As for the second justification, the importance of spreadsheet competence in the professional world may not be over, but it is at least changing in a significant way. We of course want students to be able to open a CSV of survey responses and make sense of it, or read through a budget and suggest changes. But it’s not at all clear to me that Microsoft Excel or Google Sheets will remain the tool for this job.

Which brings me to the second elephant in the room: my list of learning objectives currently lacks new objectives necessitated by the ubiquity of AI. What capabilities do I want to make sure students have to work with AI tools more effectively? What does it mean to be “good” at working with AI (I unfortunately don’t think “prompting well” is sufficient)? How can I make sure that students are able to adapt their abilities as the set of AI capabilities suddenly shifts? To what extent are these unique skills versus ones that are embedded in the other learning objectives of the course?
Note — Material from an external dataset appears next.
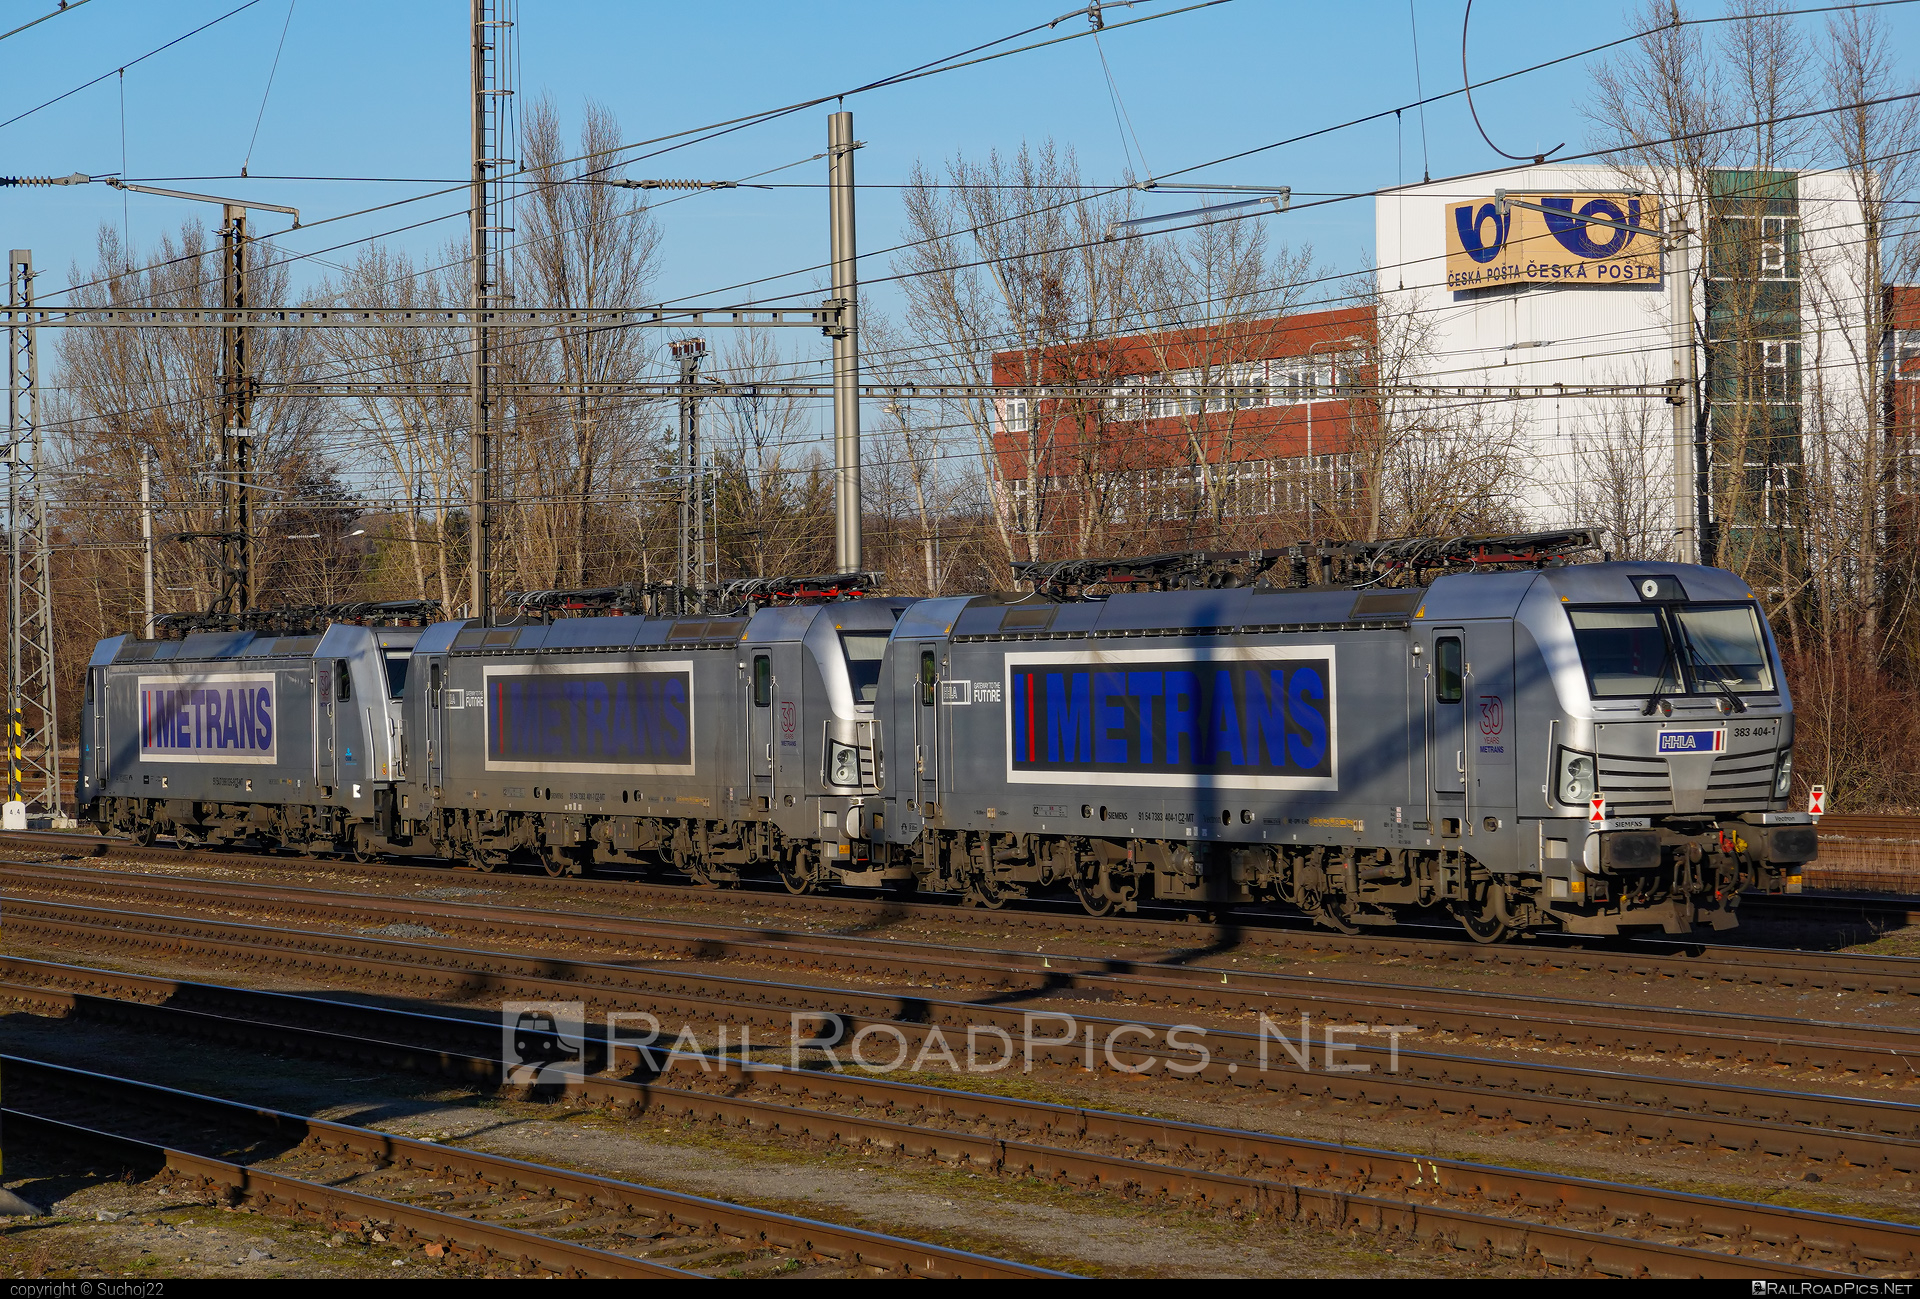 Siemens Vectron MS - 383 404-1 operated by METRANS, a.s. #hhla #metrans #siemens #siemensVectron #siemensVectronMS #vectron #vectronMS
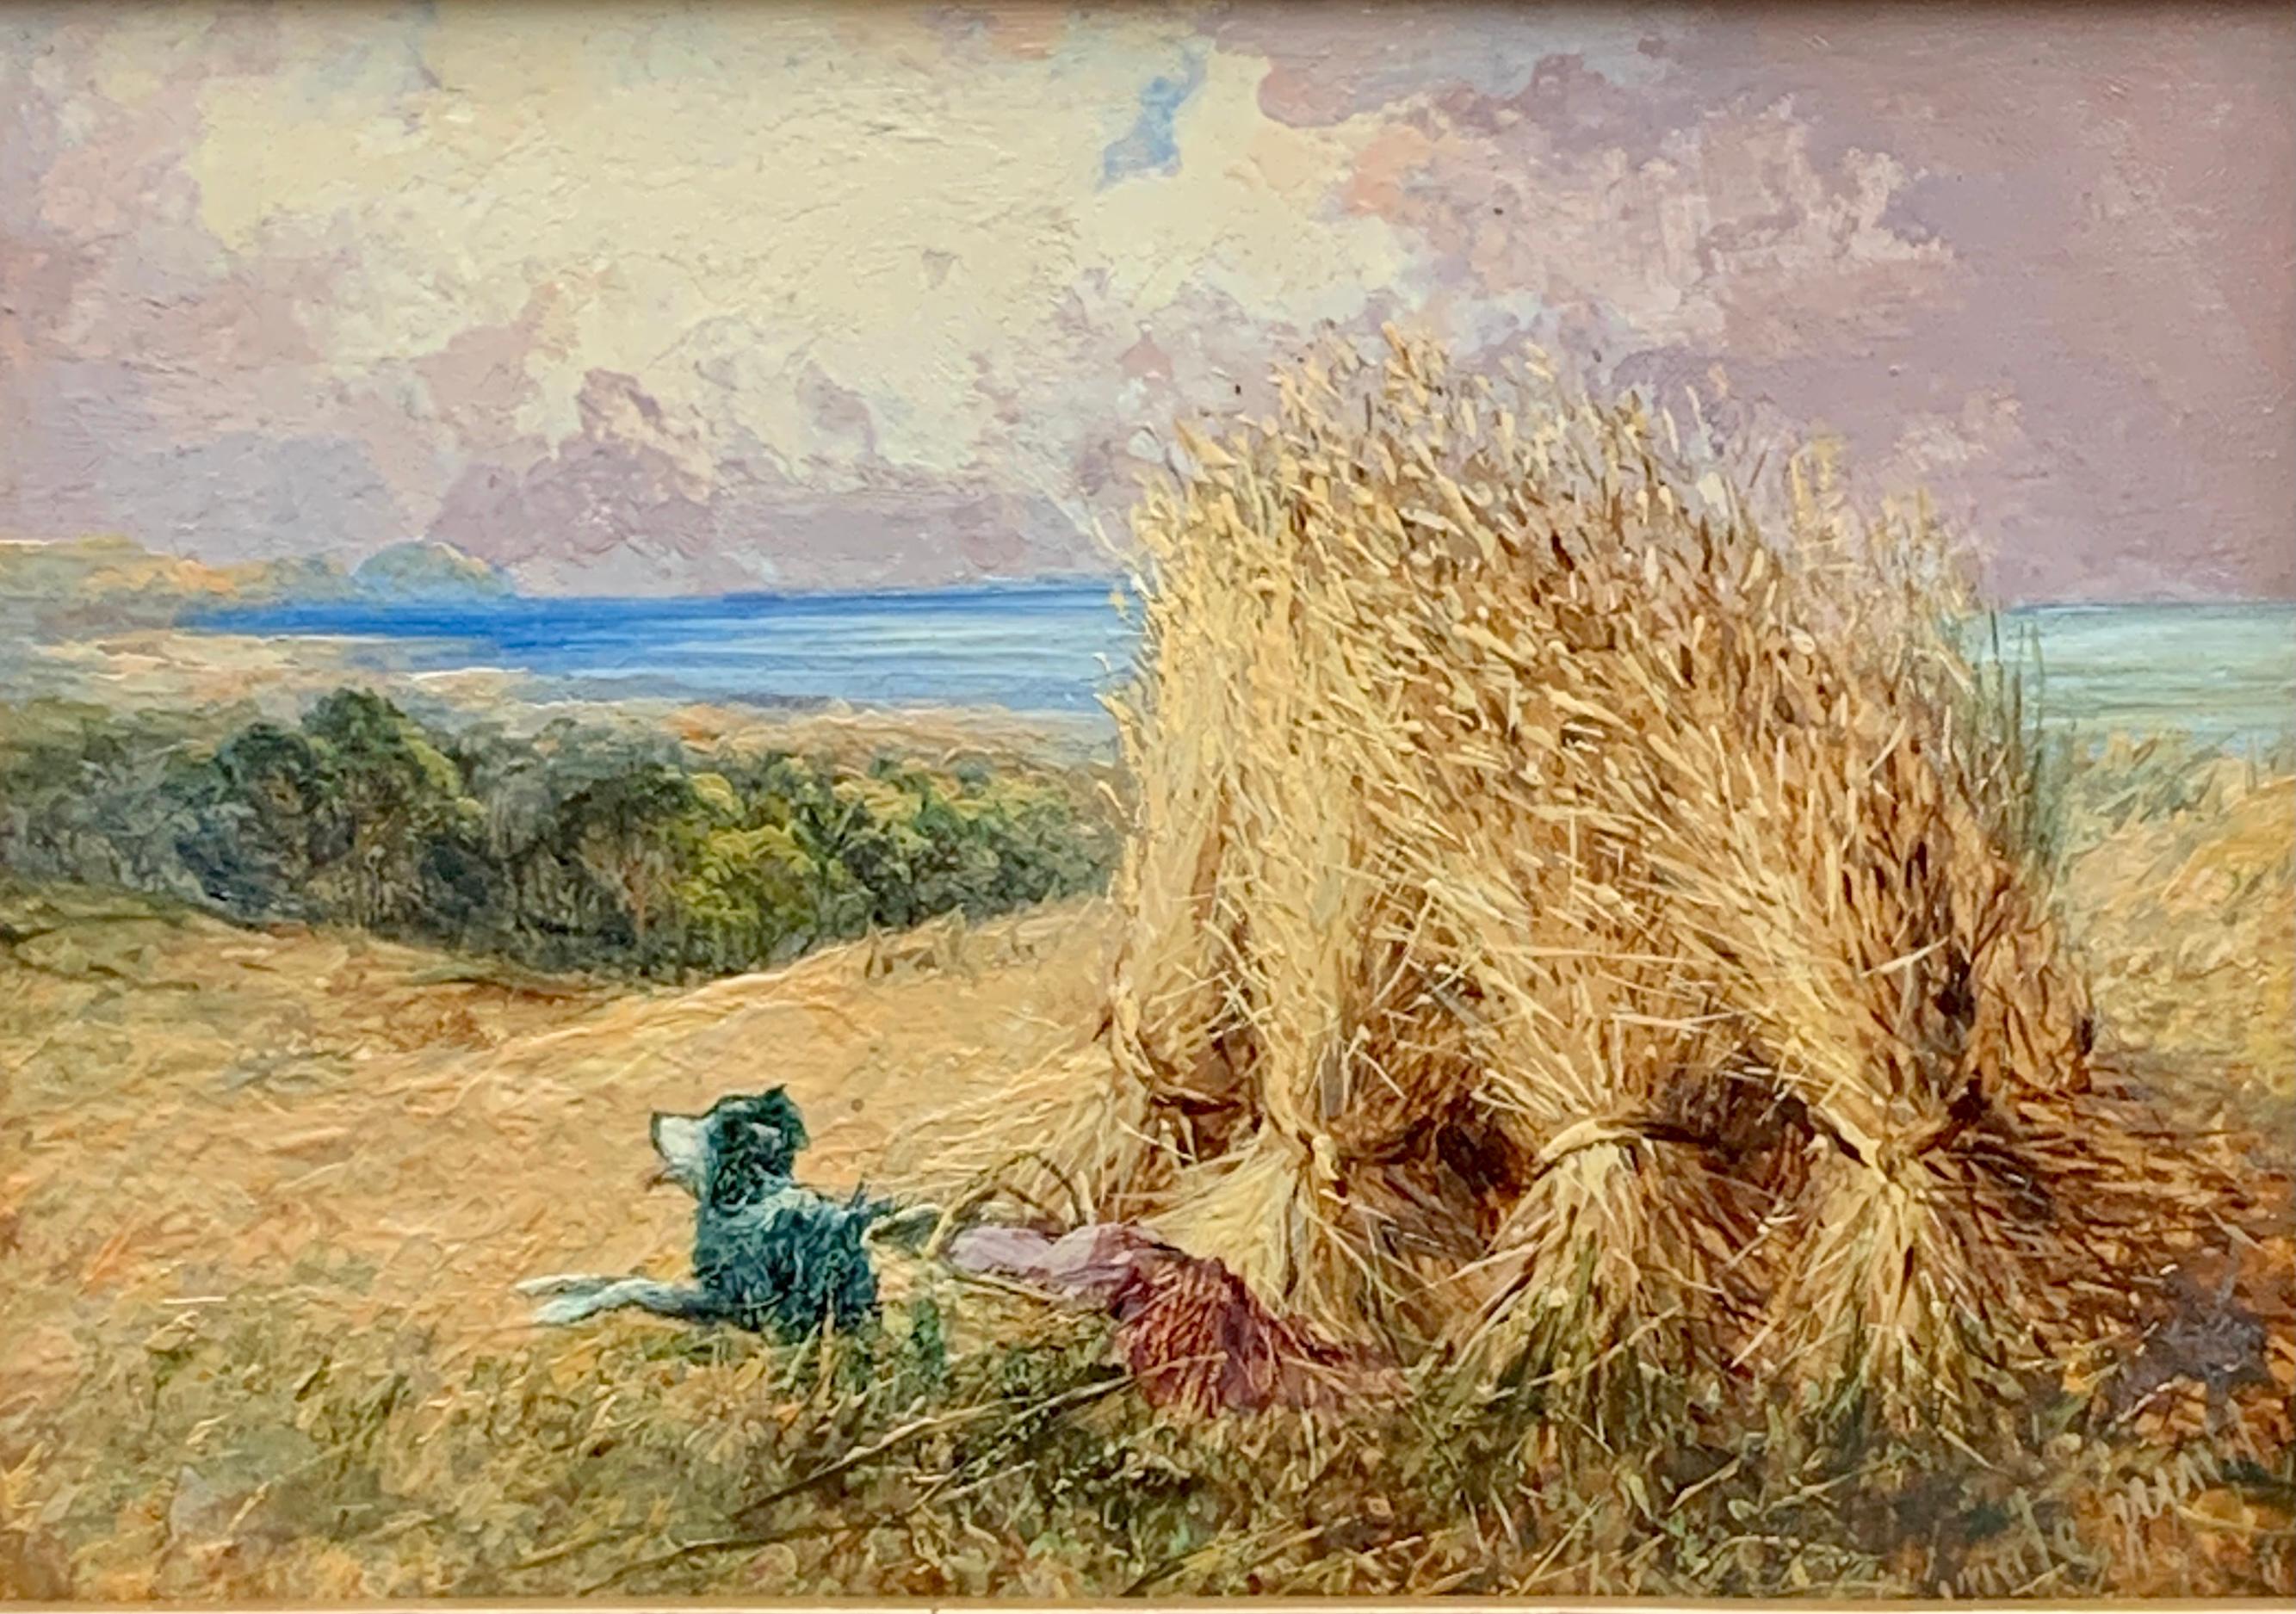 Antique English Harvest landscape with corn stacks, dog and view of the sea - Painting by Thomas Dingle Junior

As I think about this, the Anthropic study continues to bother me. There is a path I can take wherein more of the mechanical work in my course is offloaded to AI, so that I can focus on the deeper conceptual questions. But, in the Anthropic study, the act of trying to figure out how this library works and manually coding a solution with it seemed to have led to a stronger understanding, at least in the short term. Results like this, combined with my feeling that friction is where learning happens, makes me want to approach this redesign with more care, even for seemingly obvious cuts. In short, I need to make sure that I don’t subconsciously lower the bar of competence as I try to build a toolset for the coming years. This will involve some hard tradeoffs that I’m just starting to touch on. Good thing I’m on sabbatical.

Thanks for reading and please share your thoughts!